=== REQUIRED ACTION ===
Using the records that follow, reproduce exactly the lines starting at the line containing "Sargo 36 accommodation plan" and ending at the line containing "inkservice branding brand". Include both end lines and no pictures.

=== SUPPLIED MATERIAL ===

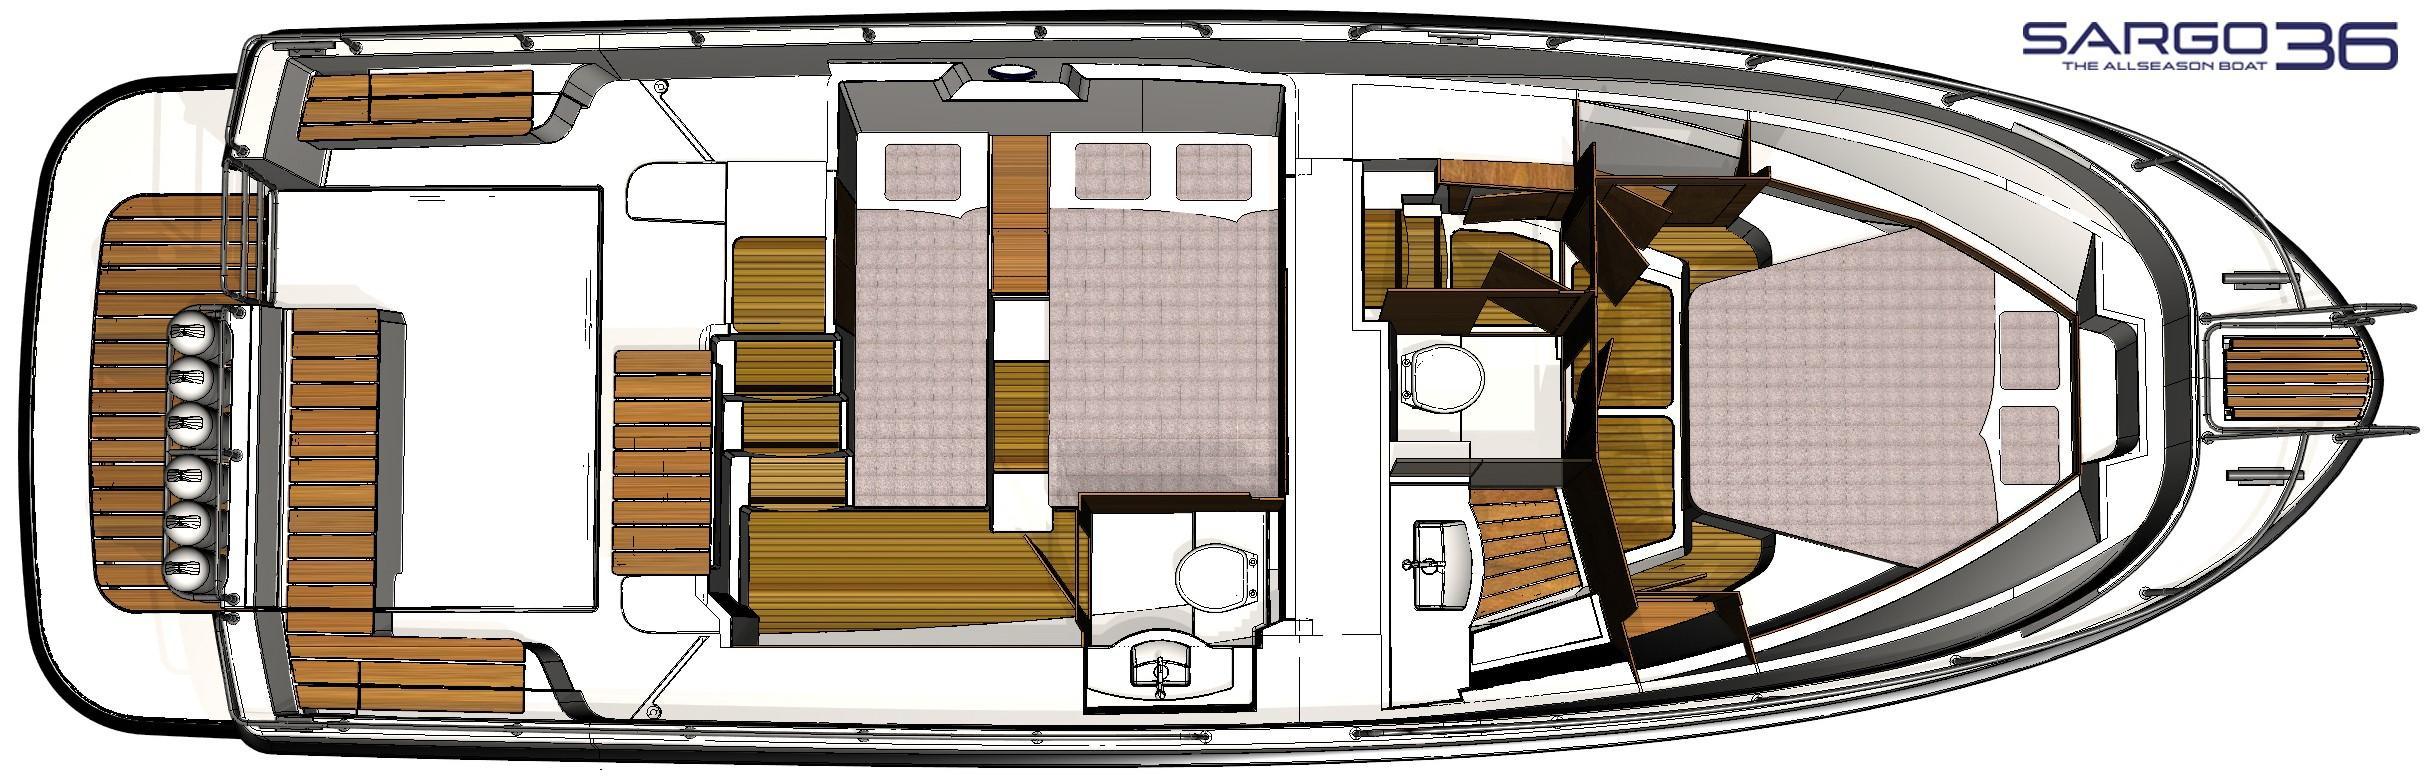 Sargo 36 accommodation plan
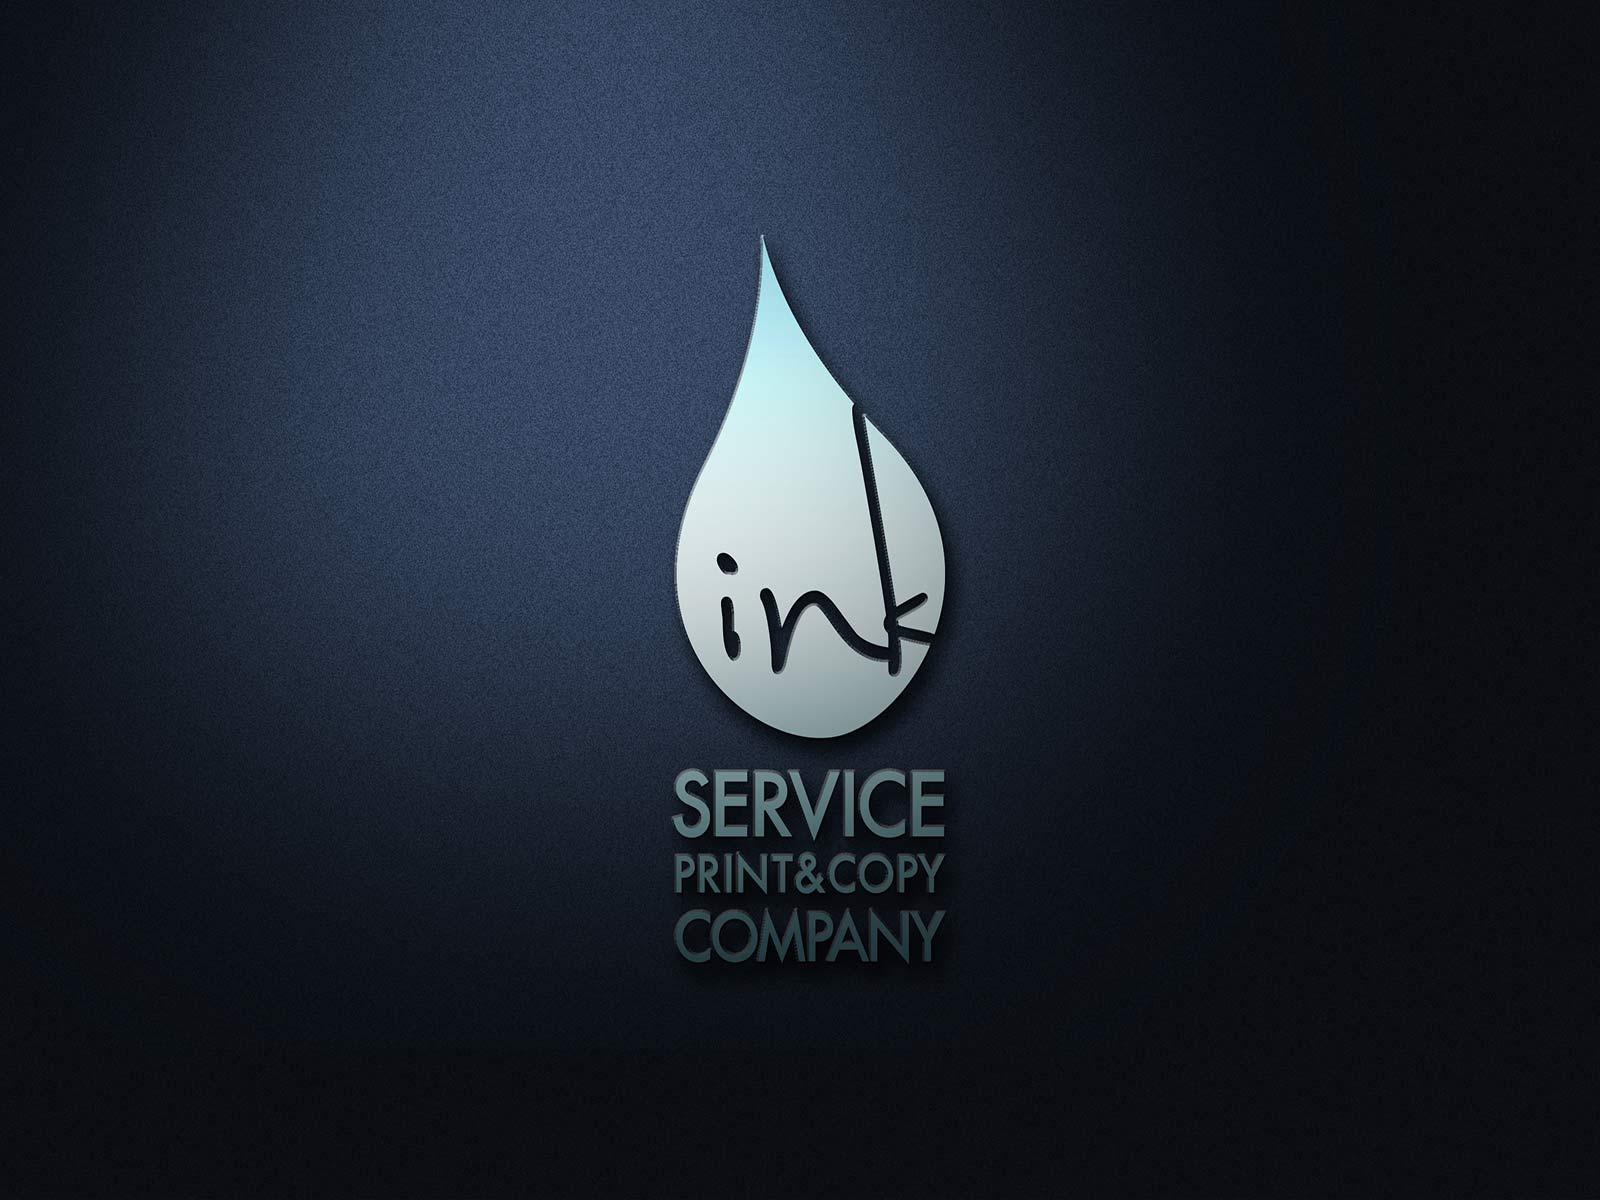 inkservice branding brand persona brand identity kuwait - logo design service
---
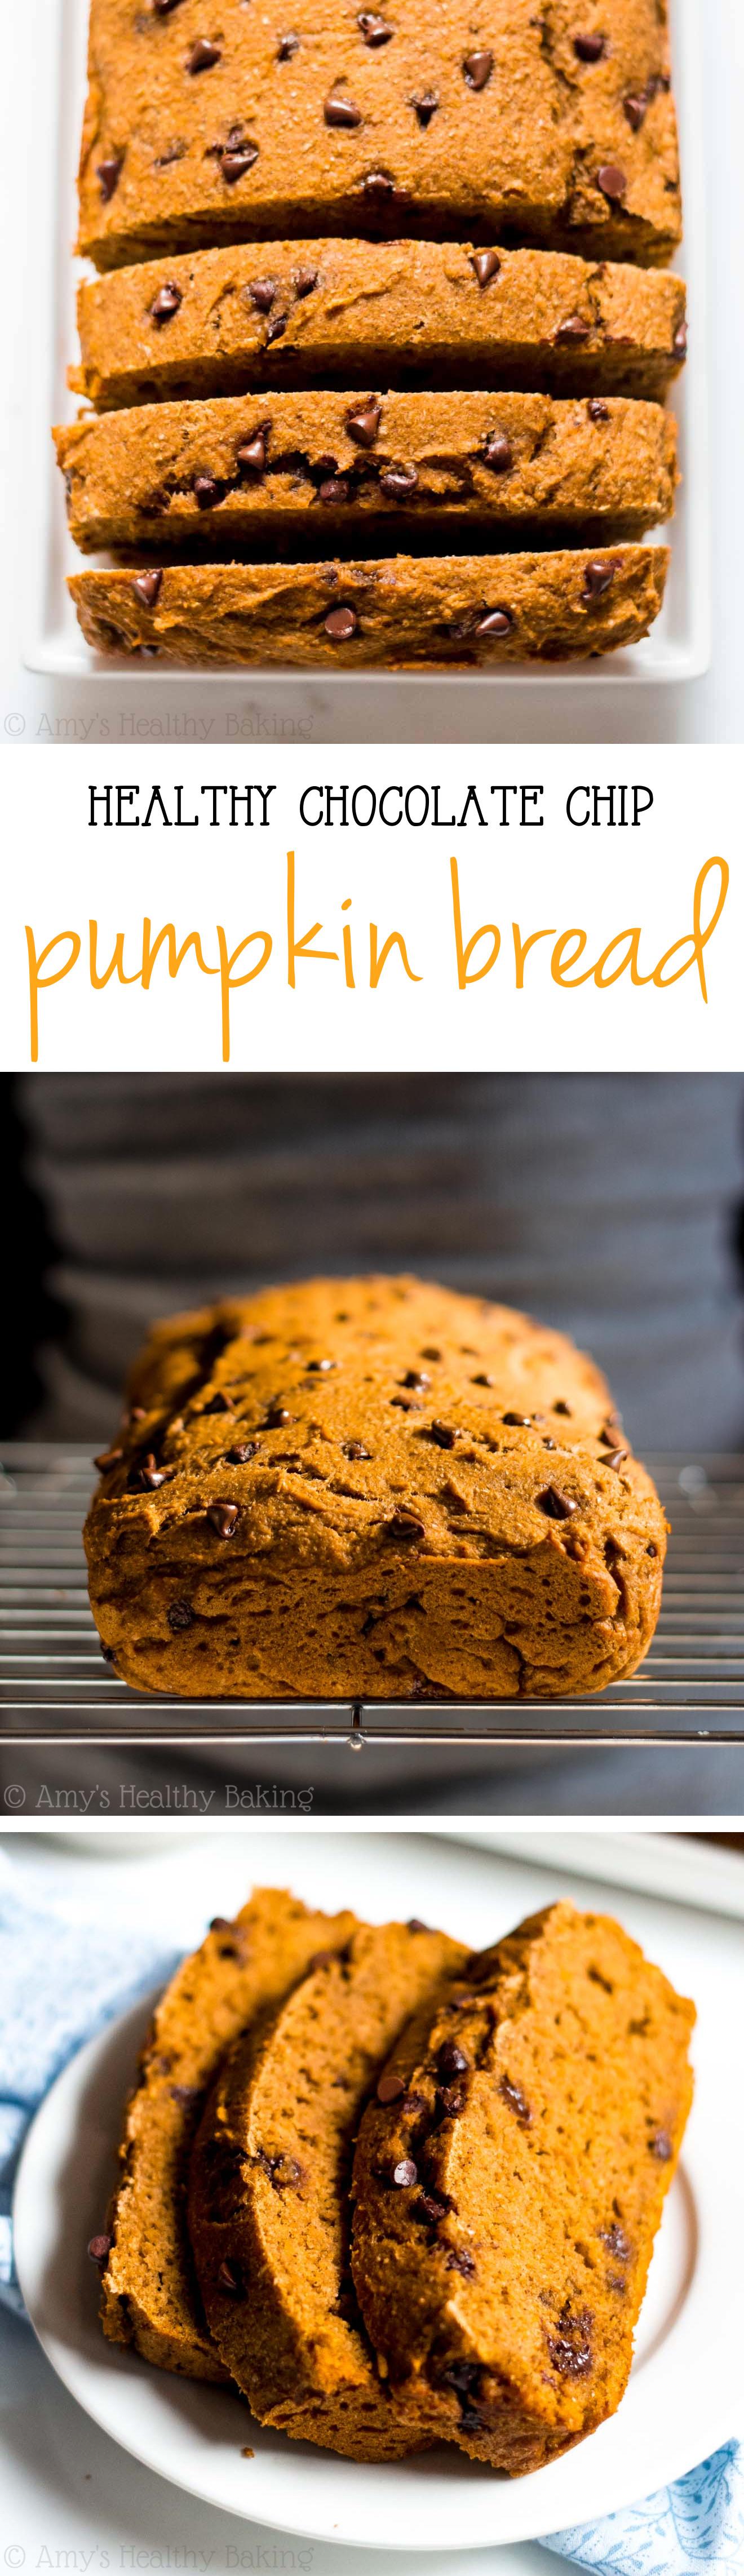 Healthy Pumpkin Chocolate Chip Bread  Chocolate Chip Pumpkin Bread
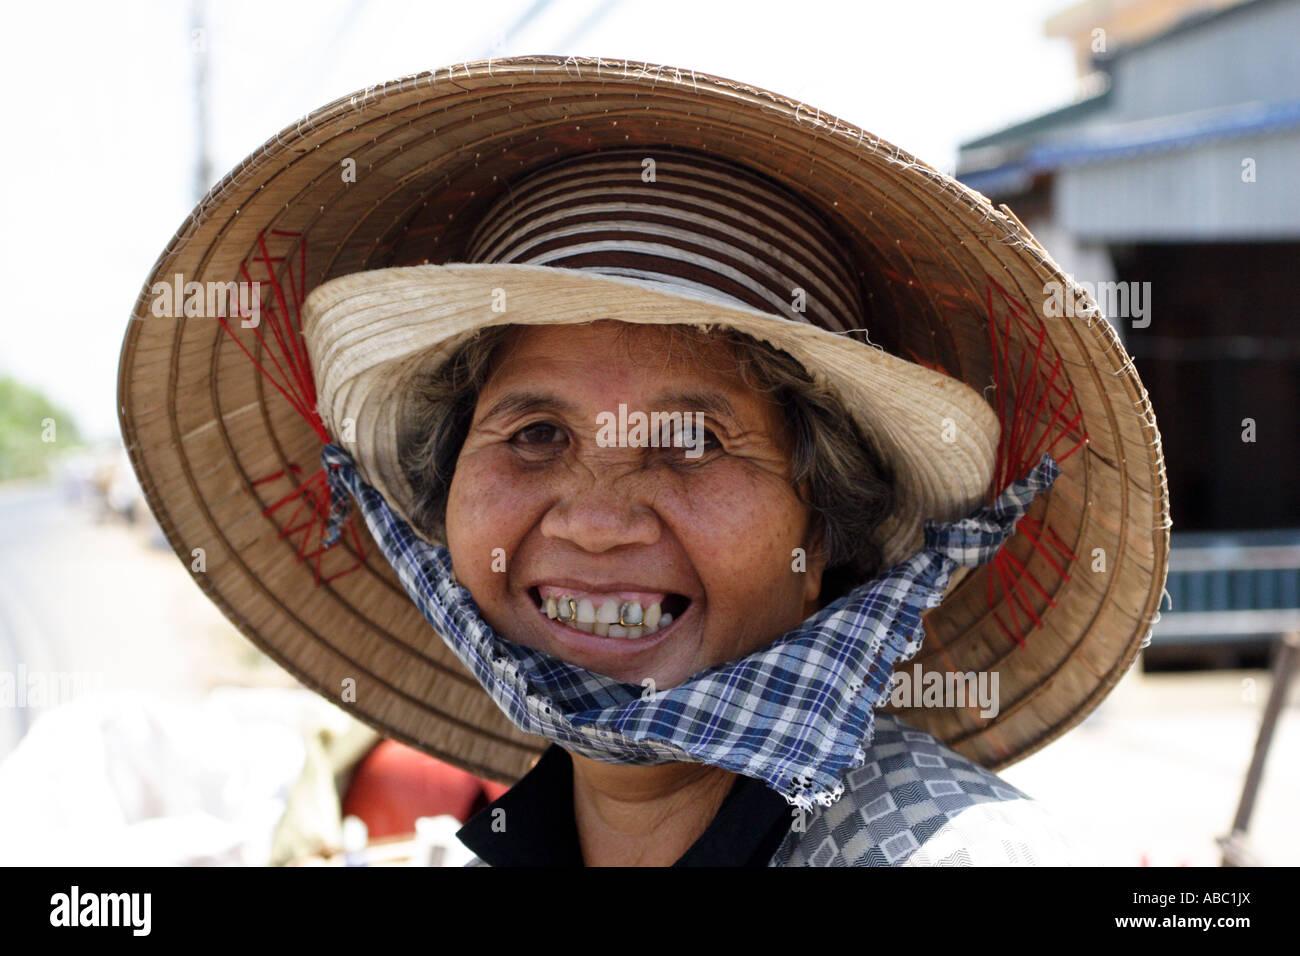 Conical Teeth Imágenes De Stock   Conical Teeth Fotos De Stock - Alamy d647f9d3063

=== FINISHED TASK ===
 Sargo 36 accommodation plan
 inkservice branding brand persona brand identity kuwait - logo design service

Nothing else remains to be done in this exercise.